Short termism will not acknowledge climate change. It sees climate change as somebody else's problem. It wants the oil and the gas and the coal out of the ground so people have jobs and money now. If it was the sort of person to ever show its working it would say that the grandchildren will be better able than us to work out how to survive floods, hurricanes and drought. Short-termism, Stefano Hatfield reminded us, means '... we are lumbered with perennial government by opinion poll, without vision.' (The ipaper 18/8/14)

But no. I'm into the huge unpopularism of the long-term. 'Instead of looking at what is and asking how to maintain it (we) should look at what ought to be and ask how to bring it about' (Mark Ashton: Christian Youth Work). We must learn to look beyond what has already been accomplished. And we must embrace dissatisfaction with the status quo wherever we find it for that will contain within it the birth throes of change.
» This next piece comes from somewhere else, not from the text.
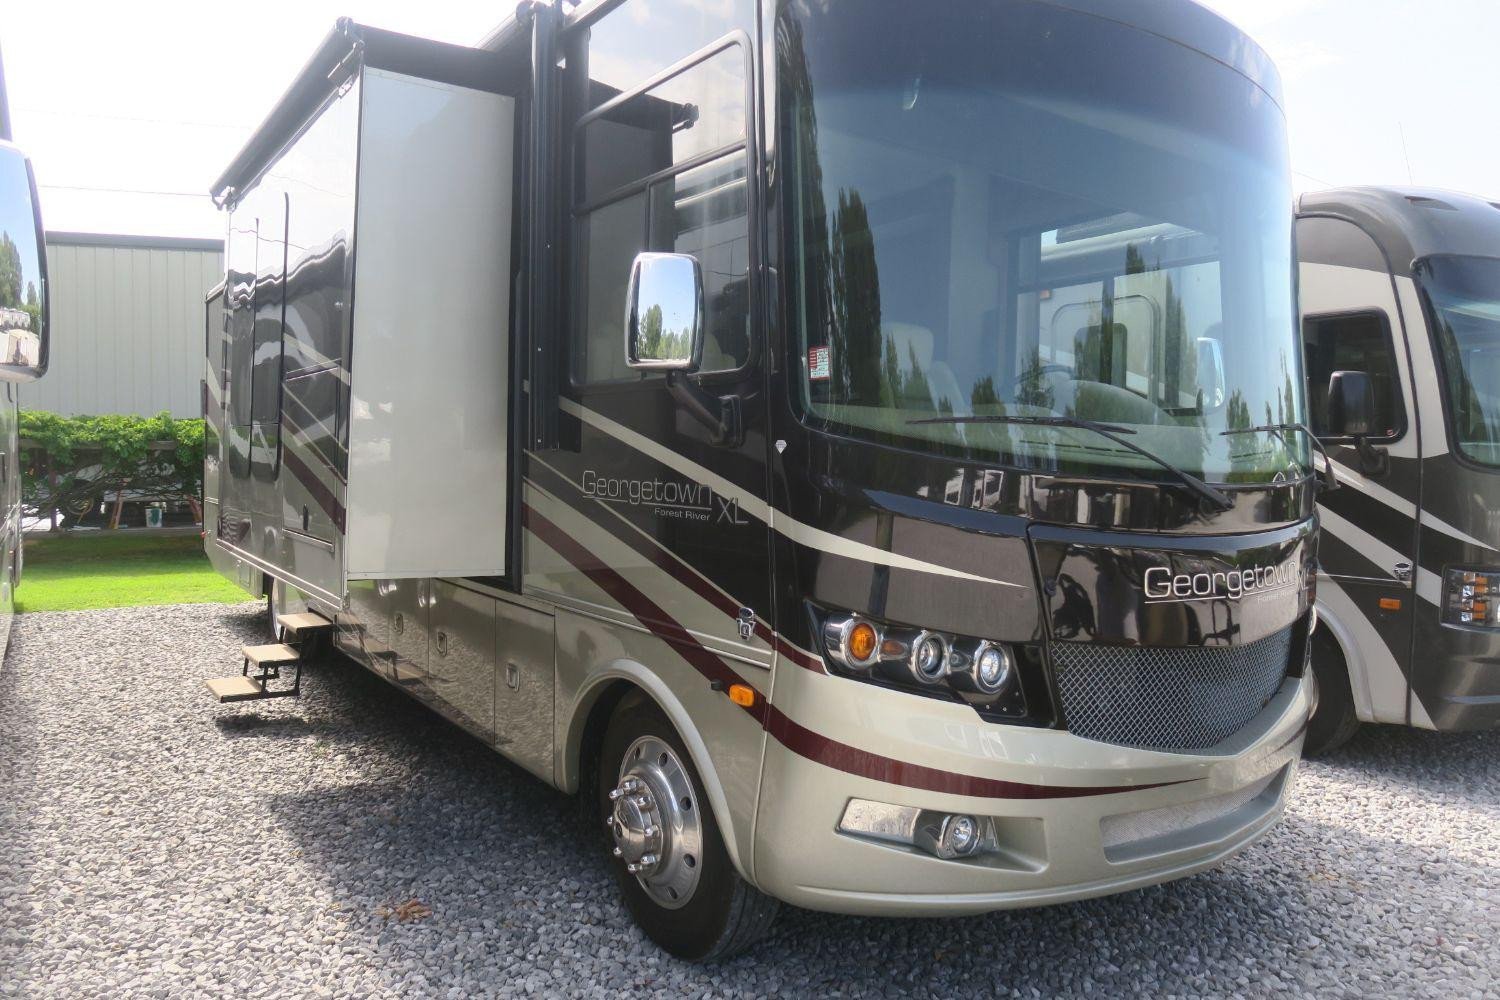 USED 2015 GEORGETOWN 378XL - Overview | Berryland Campers

I do not accept the obvious as the limit of the possible. Never have. If you ever get three wishes ask for more than a bottomless biscuit tin. You're not six. This generation (in the grandest terms - those on the planet now) know more than any previous one about the effect we are having on the future. Fixing it will cost us. We must pay.

I am writing this listening to the report on the US Election 2020. It seems that the US has rejected short-termism. That is good news for the world in the future. It is probably bad news for a few people now.